There's only one 's', but there could be confusion between saying "This ball is the heron's." and "This ball is the herons'." if it were pronounced "herons" despite the difference in meaning.

  • 3
    Welcome to ELL, Rstevoa! I guess the listener(s) will have to guess from the context. "Heronses" would remind me personally of Gollum's "hobbitses". Nov 28, 2015 at 0:36
  • I pronounce it with a "z" - Hair-onz.
    – lurker
    Nov 28, 2015 at 1:37
  • Pronounce it as you see it. There is no s's in any of your examples.
    – user3169
    Nov 28, 2015 at 2:06

2 Answers 2


Herons' is pronounced exactly the same as herons and heron's: in the International Phonetic alphabet, we can write it as /ˈhɛrənz/ (that's the "h" from hot, followed by the "err" from error, and the "ons" from onions).

For regular plural nouns, the rule for forming the possessive is as follows (quoted from the book Teaching Pronunciation: A Reference for Teachers of English to Speakers of Other Languages):

When the plural form of the noun ends in -s (or -es), an apostrophe is placed after the plural inflection to indicate the possessive in writing. Notice that with regular plural nouns, there is no phonetic difference between the singular possessive and the plural possessive modifier: the girl̲s̲' books (sounds like the girl̲'s̲ books), the neighbor̲s̲’ house (sounds like the neighbor̲’s̲ house).

As mentioned in this related question (Genitive Saxon: Do you append apostrophe s ('s) after plurals and words ending with s?) in general, the written sequence s's corresponds to /zəz/, and the sequence s' corresponds to /z/ with only a single /z/ sound.

Usually it is not important to distinguish plural and singular here. If you do need to, you can reword the sentence; in this case, you might say something like "This ball belongs to the [heron/herons]" or "This ball came from the [heron/herons]."


Corrected - thanks @Sumelic. Although names such as James may be pronounced with an extra "es" (to form "James-es", for example), the possessive forms of both heron and herons are pronounced the same way, "herons". Due to the ambiguity resulting from the pronunciation, it would be advisable to use an alternate form such as "... of the heron" or "... of the herons" when you need to distinguish the singular possessive from the plural possessive.

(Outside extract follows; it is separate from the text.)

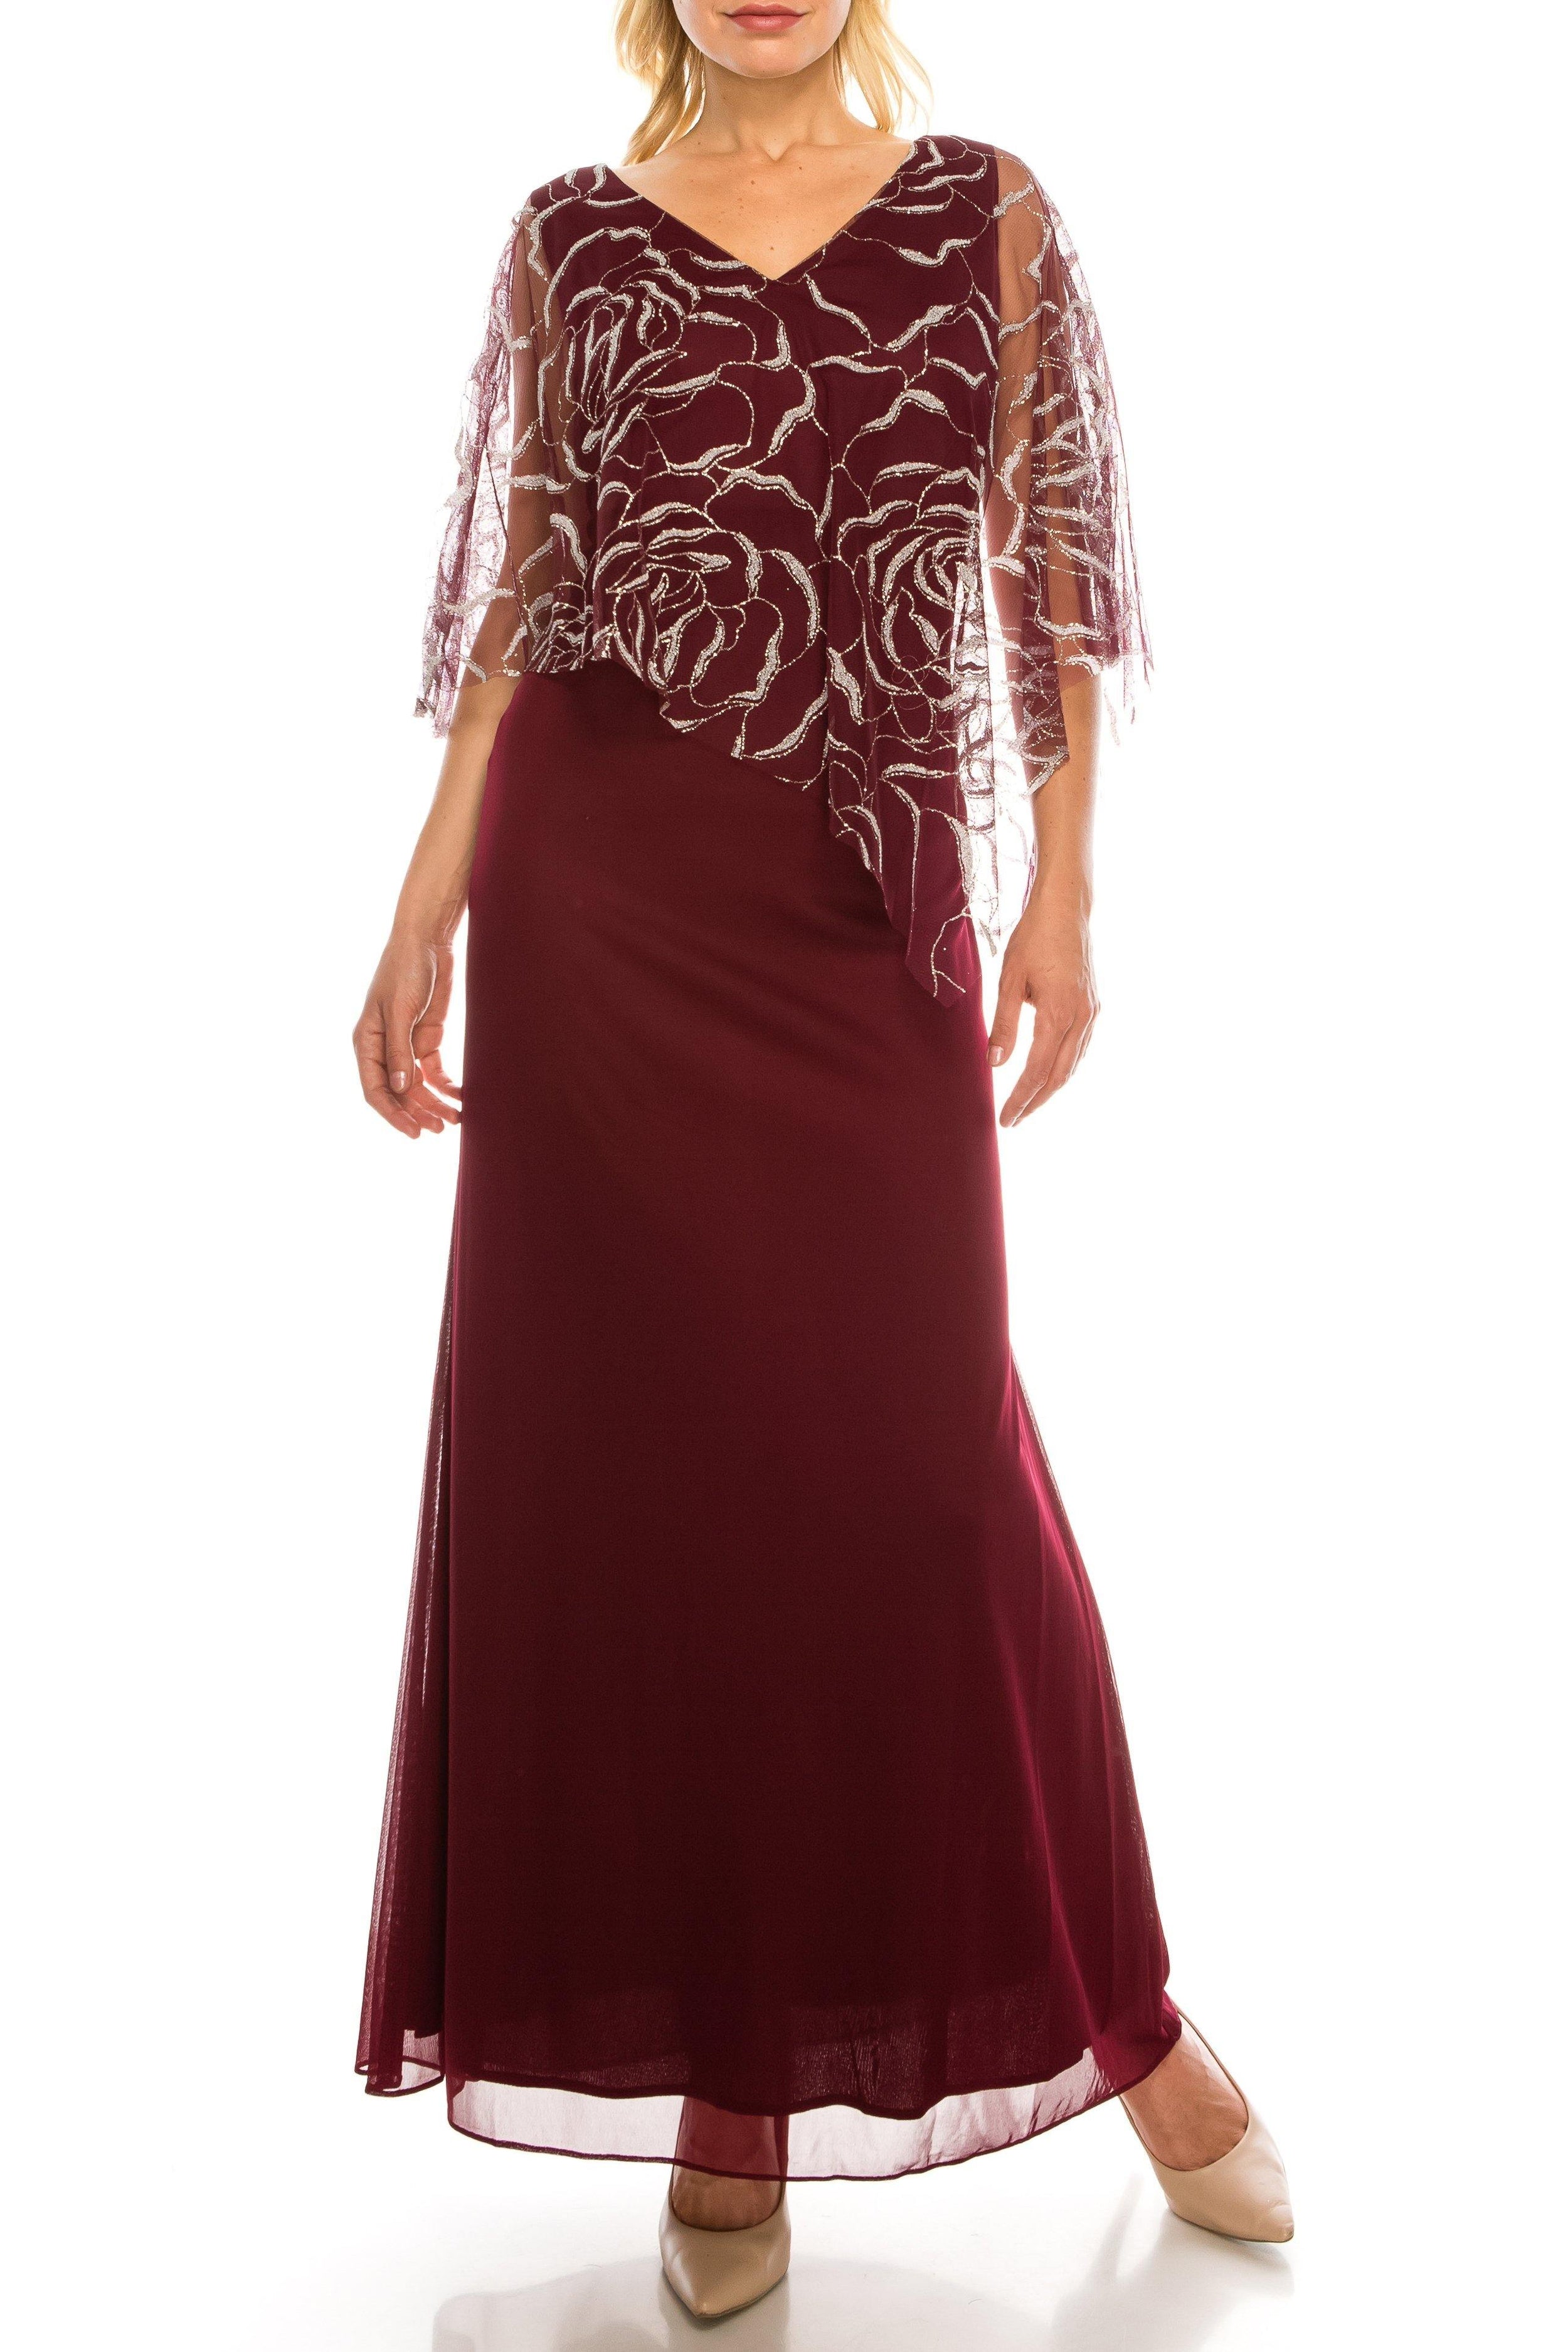 SLNY Wine Long Formal Plus Size Evening Cape Dress - The Dress Outlet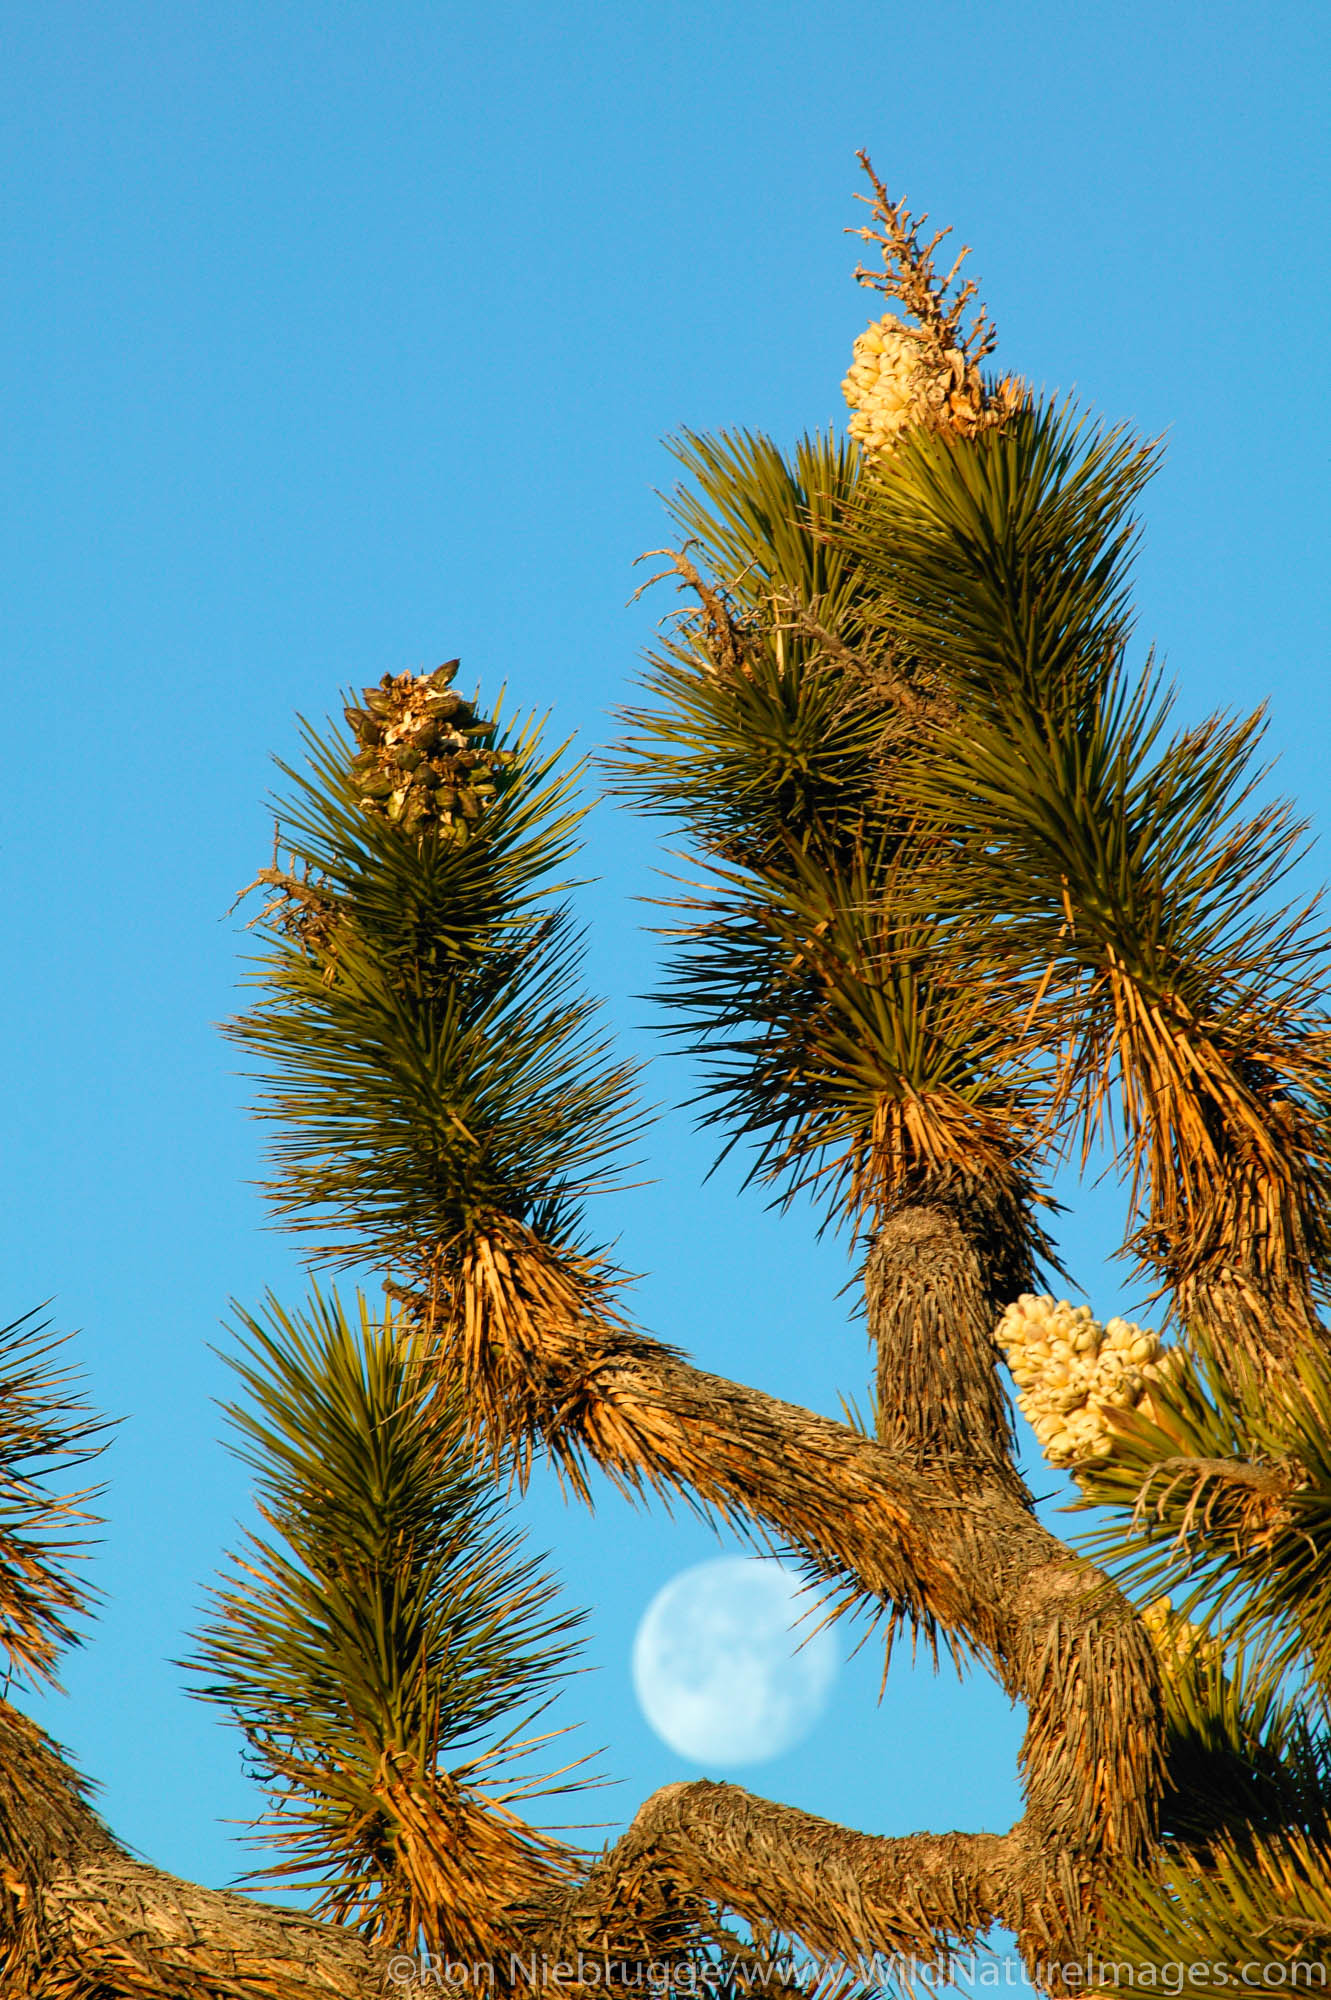 Joshua Tree in bloom with full moon (Yucca brevifolia). Mojave Desert, Pioneertown, California.

  • This is just wrong. See discussion here (Plural possessive - pronunciation), and the rule in the book here (Teaching Pronunciation: A Reference for Teachers of English to Speakers of Other Languages)
    – sumelic
    Nov 28, 2015 at 6:02
  • If by "wrong", you are referring to the hypothetical "classes-es" pronunciation, you might well be correct. However, that pronunciation is only used here as the basis for the objection. If you're objecting to my answer that herons' would classically be pronounced "herons-es", I can only say that usage is inconsistent. E.g. Cambridge dictionaries online considers James' to be pronounced "James-es", whereas other words aren't pronounced with the extra "es". Clarity and fluency of expression are more important (see: alternate form in my answer).
    – Lawrence
    Nov 28, 2015 at 6:23
  • The pronunciation variant you are referring to is only ever an option for singular nouns ending in s, not for plural nouns. Herons-es is just as hypothetical and incorrect as classes-es.
    – sumelic
    Nov 28, 2015 at 6:25
  • @sumelic Having considered other plurals such as girls' room / boys' room, I concede your point. When it is important to distinguish the singular possessive from the plural possessive, though, I still maintain that it is best to use an alternate form like of the class / classes.
    – Lawrence
    Nov 28, 2015 at 6:31
  • Obviously, if it's important to distinguish them, it clearly follows that an alternate form must be used.